Some reading indicates that Early Bound project files are larger than late bound.  I have not confirmed this, but I'll take them at their word.  They're more experienced than I.

Refreshers: Binding, Early and Late Binding

A VBA project is developed using a host Object Library, e.g. MS-Excel. Binding is tying to that host Object Library a "foreign" Object Library (e.g. for MS-Word) in order to use its features and manipulate files that are native to the foreign environment.

With Early Binding, the foreign, or "hosted", Object Library is selected using the Tools...References dialogue in the Virtual Basic Environment (VBE).  This makes the hosted Object Library available for Intellisense and at compile time.

When Late Binding is used the hosted Object Library is unchecked in the Tools...References dialogue.  The project is made aware of the foreign Object Library as the VBA code is executed, i.e. at run time.

See also:


Conversion Steps

Converting from Early to Late Binding is more tedious than hard.

  1. Remove the Reference to the hosted Object Library.
    That was the easy part.
    Now comes the tedious part.
  2. Change data types in declarations for hosted Object Library objects to "as Object".  
  3. Compile to identify any declarations that were not changed to "as Object".
  4. If there were any compiler errors, return to Step 2.
  5. Once compilation completes without errors, run the code.  This will 

Remove the Reference to the hosted Object Library

Basically, this reverses the How to Early Bind A Foreign Application section of  How To: Early Bind.
  1. Access the Visual Basic Environment (VBE) 
  2. Click on the Tools menu and select References
    Opening the References dialogue
  3. Uncheck the Object Library to remove, in this case "Microsoft Word 14.0 Object Library"
    References List with Hosted Object Library
  4. Click OK then save the file

Change Data Types to "as Object"

This is the part that can be tedious.
  1. For each module, scan for Dim, Public, and Global declarations of object variables.
  2. Identify whether each is a native or foreign Data Type, e.g. "as Document" in an Excel project would be foreign whereas "as Workbook" or "as Worksheet" would be native.
  3. Change to "as Object"
    NOTE:  Be aware that some Object Type-names occur in multiple Object Libraries.  For example, "Range" is used in both the Word and Excel Object Libraries but they have different Methods and Properties.

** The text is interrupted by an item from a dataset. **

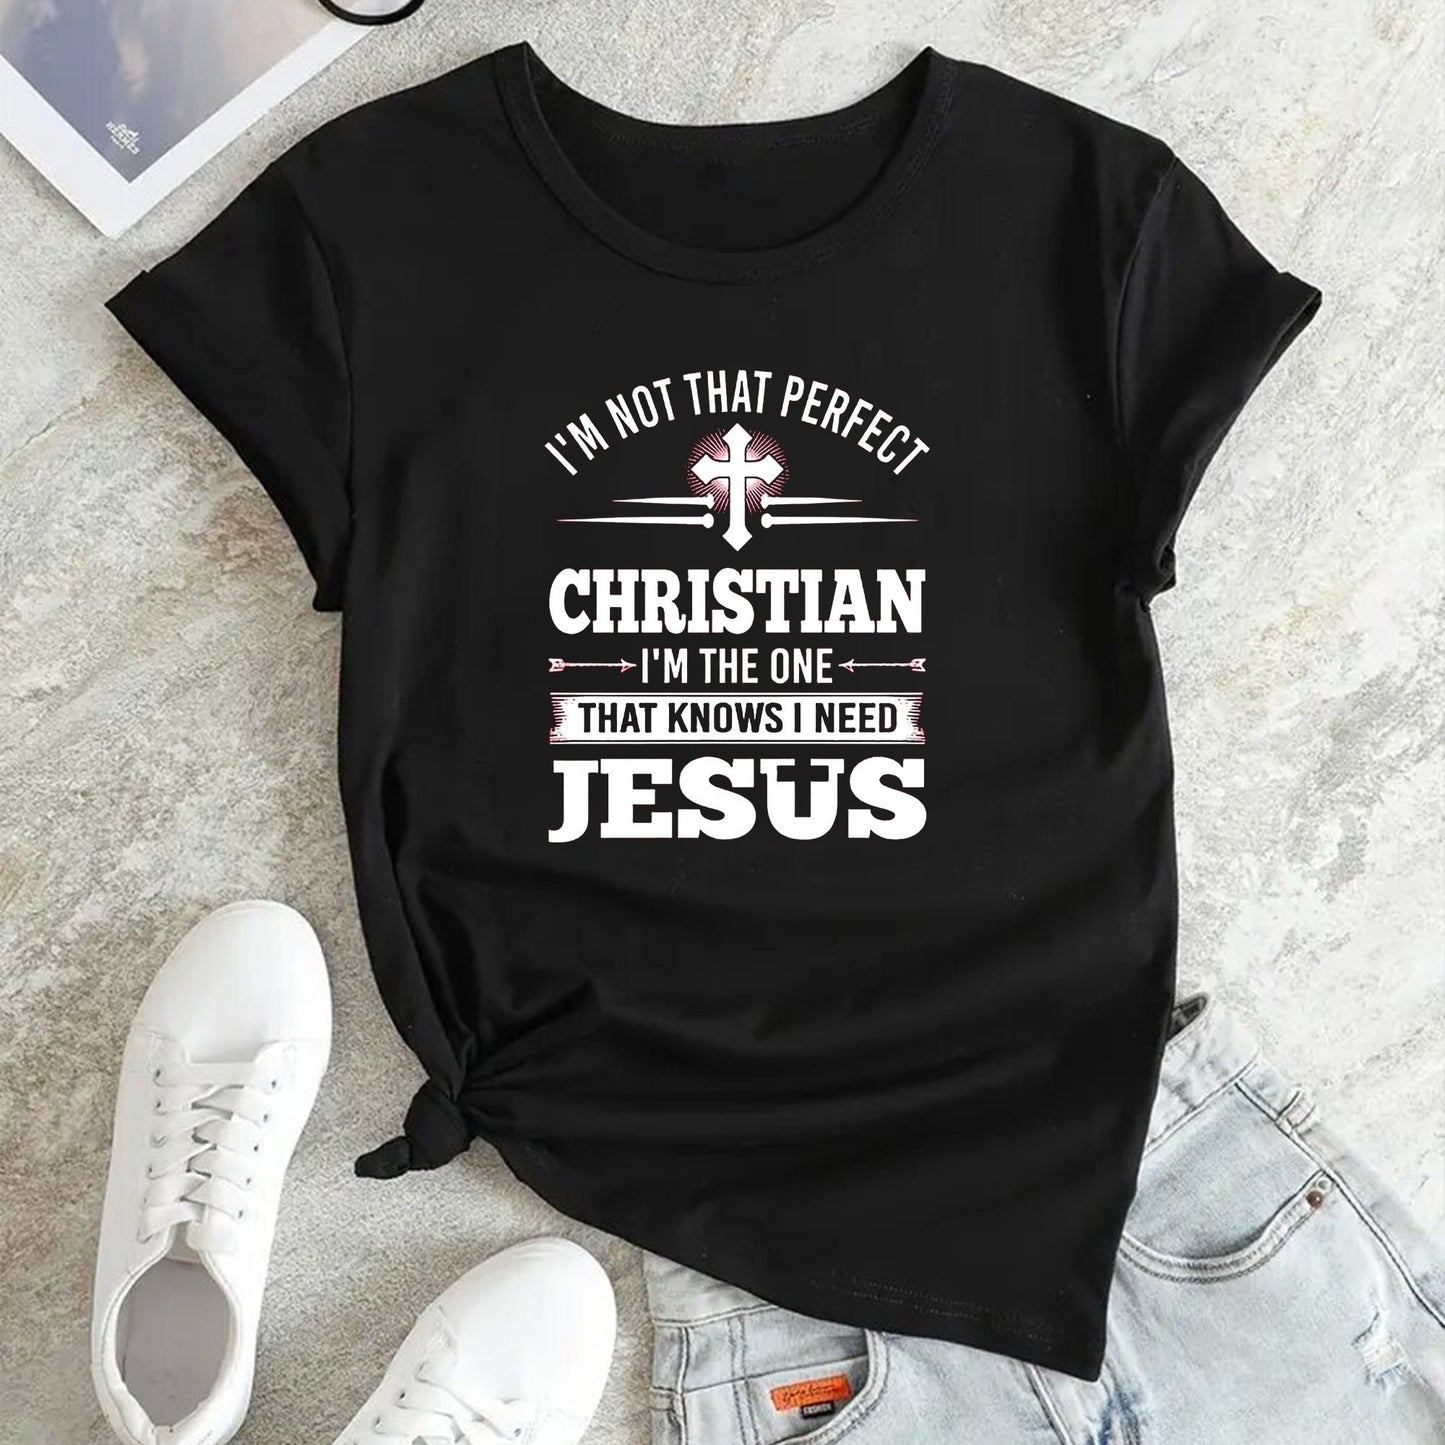 I'm Not That Perfect Christian I'm The One That Knows I Need Jesus Plus Size Women's Christian T-shirt claimedbygoddesigns

How to make Early-to-Late Binding Easier

Use Find/Replace

In Step 2 of Change Data Types to "as Object", once a declaration of a foreign Object is found, 
  1. Highlight the "as <object>" portion of the declaration 
  2. Click Ctl-F to show the Find/Replace dialogue
  3. Click the Replace button
  4. Type "as object" in the Replace With: text box
  5. Choose whether to perform the action in the Current Procedure. Current Module, or Current Project.
  6. Click the "Replace" or "Replace All" button, depending on confidence that the phrase "As Documents" does not appear elsewhere and in a context where it should not be changed, e.g. in comments.

Module Design

With VBA I have found that I have a pretty wide latitude in what is included in "normal" Modules, i.e. non-Class Modules that are not linked to an object like a Workbook or Userform.   

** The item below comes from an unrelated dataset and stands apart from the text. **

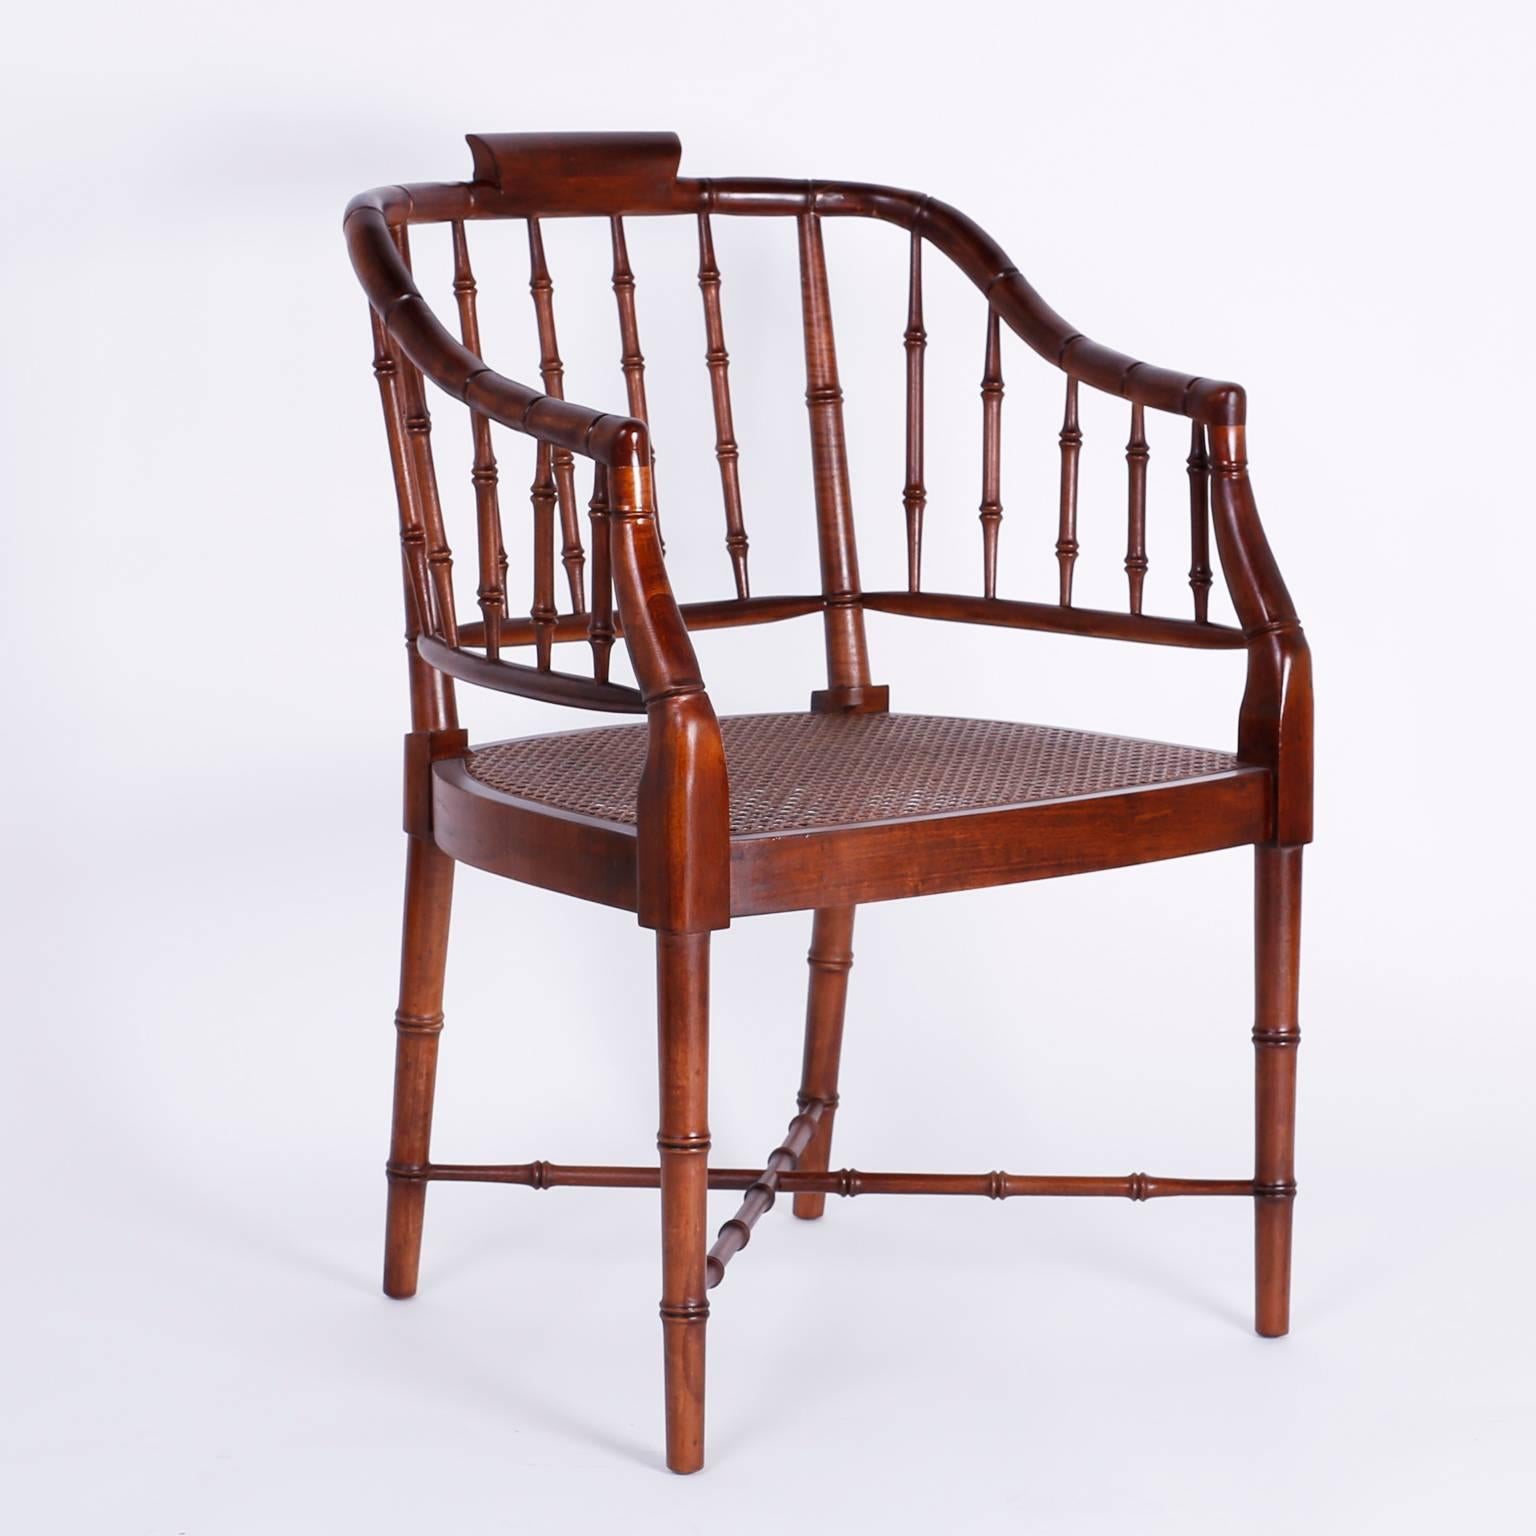 Crafted in the Mid-Century with a native hardwood, possibly spruce, these elegant chairs borrow influences from several different style sources including tavern, windsor, and British colonial. Featuring lathe turned balustrades, legs and stretchers.

One criteria I use is "Do these Subs and Function perform together?"  Therefore, I have modules specific to a portion of the users process.  

Another module scoping criteria I use is "Are these Subs and Functions common across the process?"  For example, Subs for opening files are in one module and  functions for validating files are grouped together.  

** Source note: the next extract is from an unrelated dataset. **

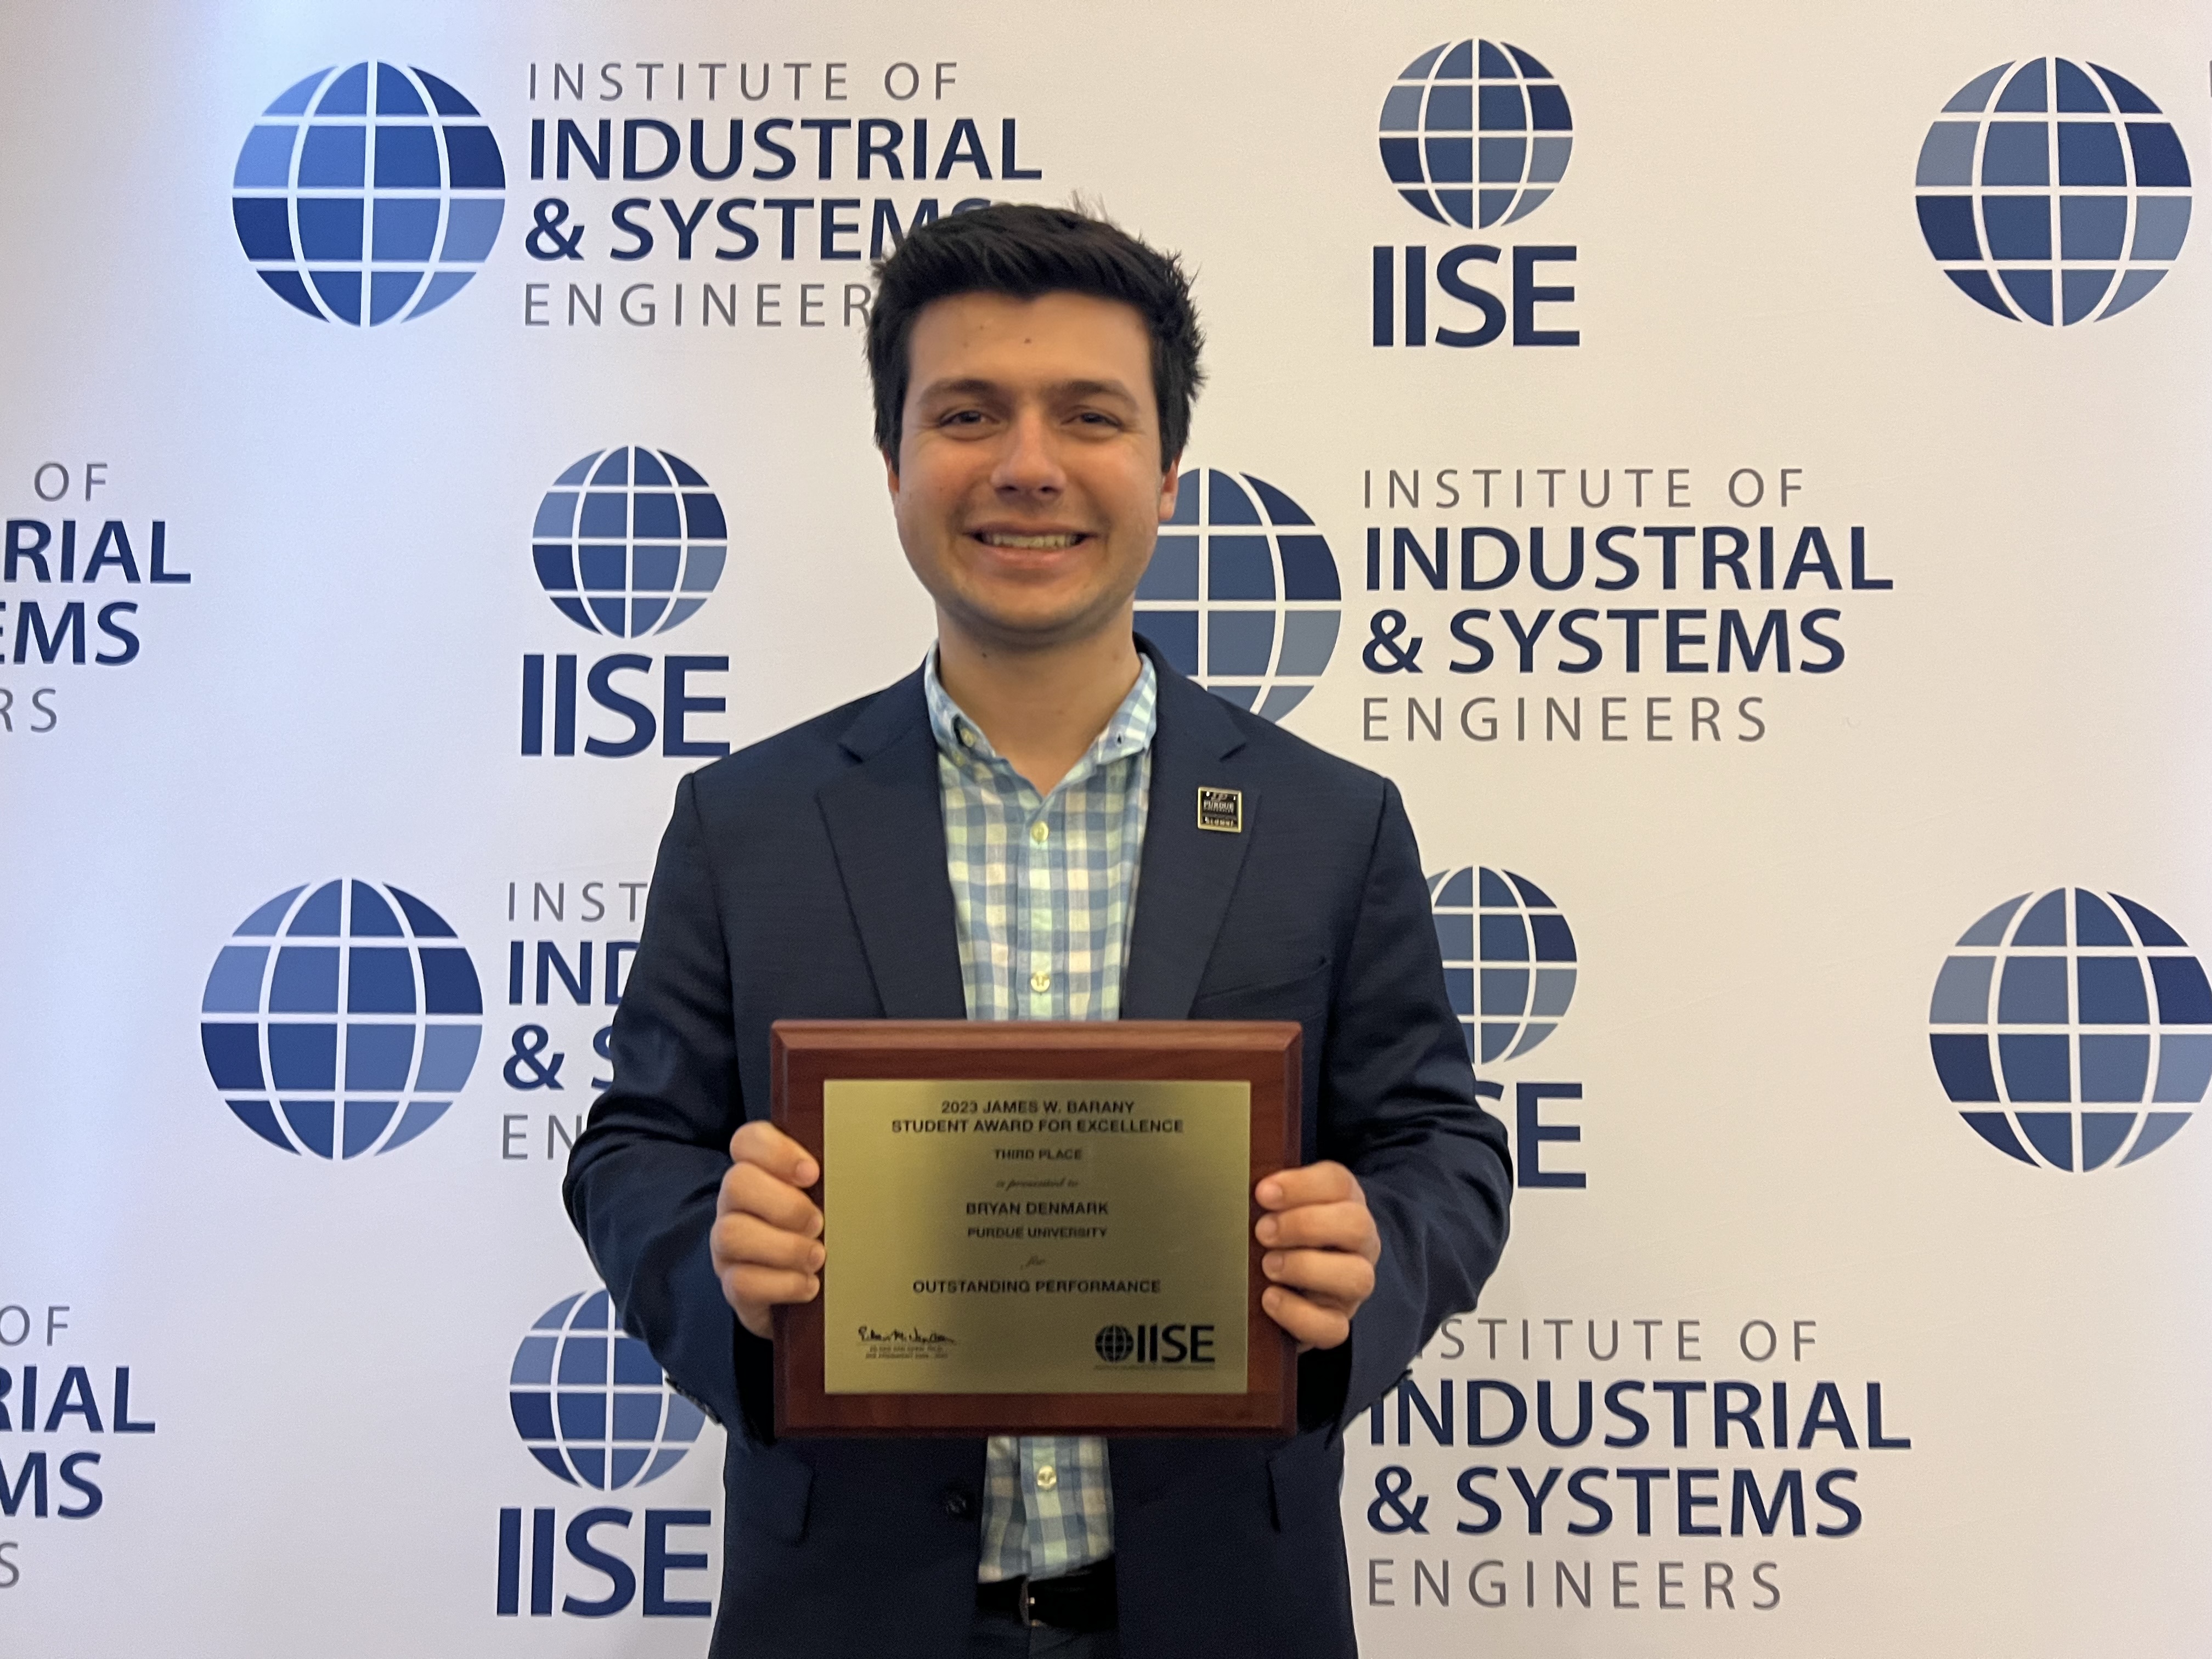 Bryan Denmark with his IISE James W. Barany Student Award for Excellence

That leads to a criteria of "Do these Subs and Functions deal with a foreign Object Library?"  In short, put all Subs and Functions that would declare Early Bound objects from one foreign Object Library into the minimum number of modules that is feeasible.

Module Naming

As simple as this sounds, modules should have meaningful names that convey to the programmer was is in inside.  Projects with default names like  "Module1", "Module2" etc is something I've seen and the programmer comes off with an "Of course!  It's Module37...or something like that."

In short, tag modules affected by binding with something like "_WORD" at the end if their names. 

Incremental Transition

Contrary to what may be inferred above, Late Binding code does work while the foreign Object Library is bound to the host.  Therefore, if there is a module of the project that needs the bound foreign Object Library that has been completed, it is possible to 
  1. Unbind the foreign Object Library using the Tools-References dialogue
  2. Change to the "as Object" declarations.
  3. Compile and run to test.
  4. Rebind  the foreign Object Library using the Tools-References dialogue.
  5. Continue development in Early Bound mode.